Softcatalà is a non-profit association that promotes the use of the Catalan language on computing, Internet and new technologies. This association consists of computer specialists, philologists, translators, students and all kind of volunteers that work in the field of translating software into Catalan, in order to preserve this language in the English-controlled software environment. They also offer several linguistic tools to help users improve their language knowledge.

== History ==

Softcatalà was born in 1997 as a group of volunteers with the aim of improving the presence of Catalan in new technologies. The first step was to translate the most important free and/or open-source software based programs (OpenOffice.org, Firefox, etc.) into Catalan. After that, they delivered some other projects, including the following ones:

- 1,500 English-Catalan words glossary for software translation.
- Software translation style guide
- Translation memory with more than 40,000 entries (including translations made by Softcatalà)
- Spell-checker

== Collaborations ==

During this last years, Softcatalà has collaborated with the terminology centre TERMCAT standardizing new Catalan terms related to new technologies.

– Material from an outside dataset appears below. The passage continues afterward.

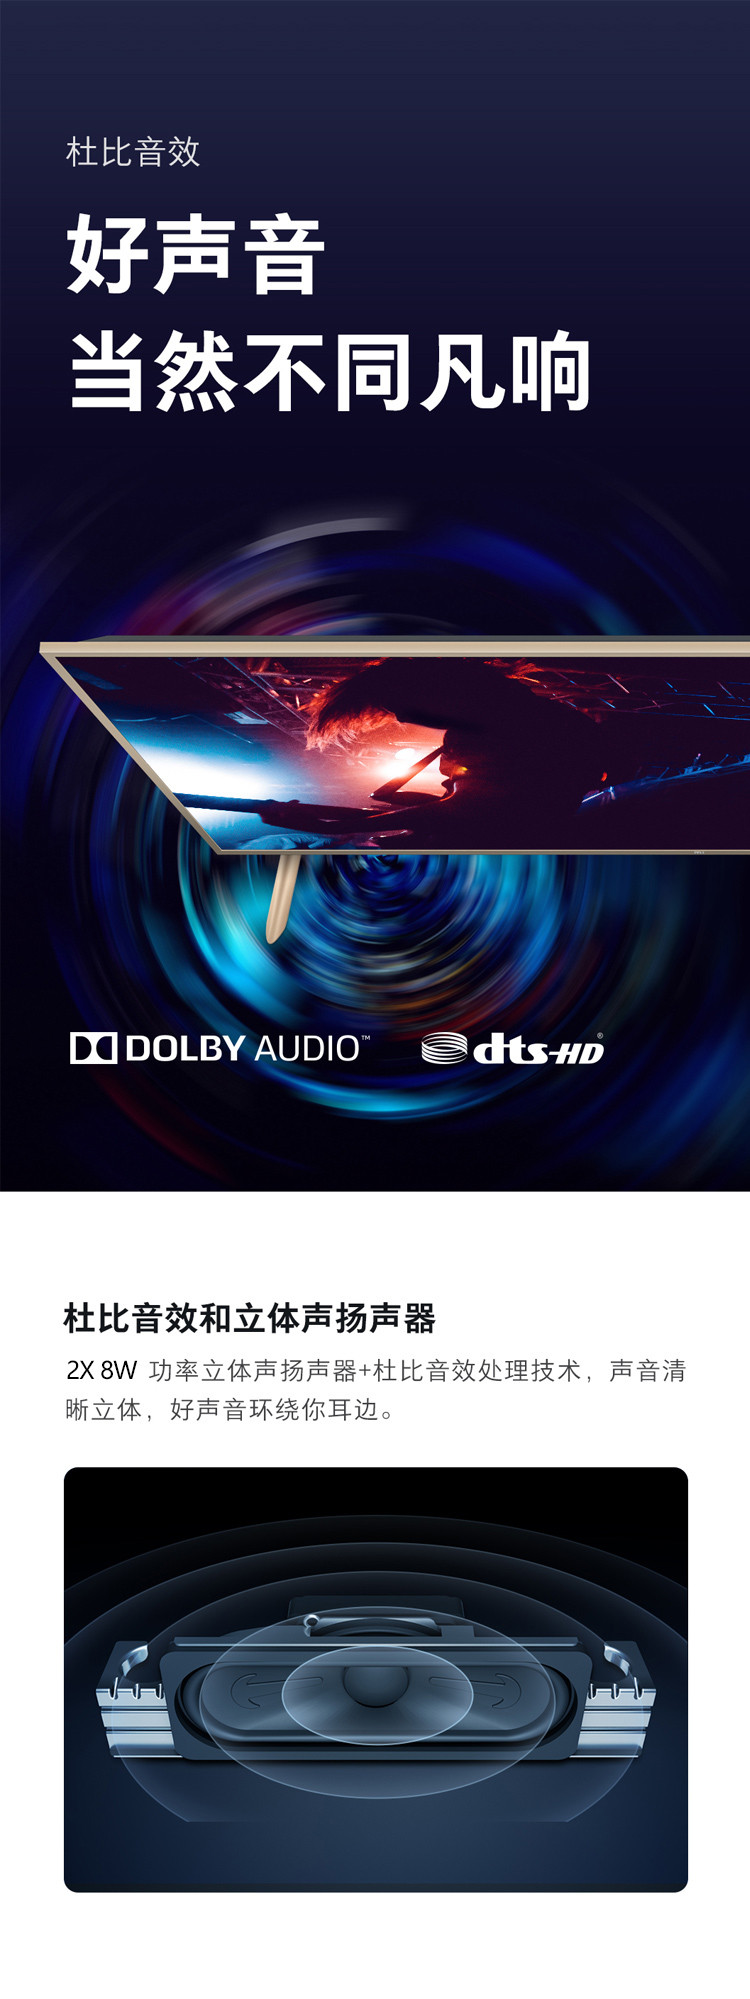 小米/MIUI 小米电视4S 65英寸Pro 人工智能语音网络液晶平板电视 2GB+16GB HDR

In 2001, they started collaborating with Google, and that permitted the translation of the interface and later, the participation in the adaptation of the search engine related to Catalan pages.
They have also worked on the popularization of Linux, translating GNOME and some installation and configuration tools of Mandriva and Fedora.

== Web-page ==

The main Internet site for Softcatalà is only available in Catalan. It offers all the information about the group and explains its reasons and objectives.
The web page consists of six different sections:

- Pantry: Links to software resources organized in different sections (Internet, multimedia, image, language…) for Windows, Linux and Mac.
- Forums: Forums focused on solving doubts related to the language used by programmers.
- Spell-checker: On-line spell-checker available in general Catalan and also in Valencian. It only corrects orthographic mistakes.
- Translator: Ruled-based machine translator based on the technology by Apertium and Scale MT. It offers the chance of translating from Catalan to Spanish and vice versa. There are also new versions which are being tested (French, English, Portuguese, Aranese Occitan and Aragonese to Catalan and vice versa).
- Lists: some mail lists belonging to llistes.softcatala.org.
- Projects: Projects in which Softcatalà is involved, including OpenOffice.org, Mozilla, GNOME, Ubuntu, Open Thesaurus-ca…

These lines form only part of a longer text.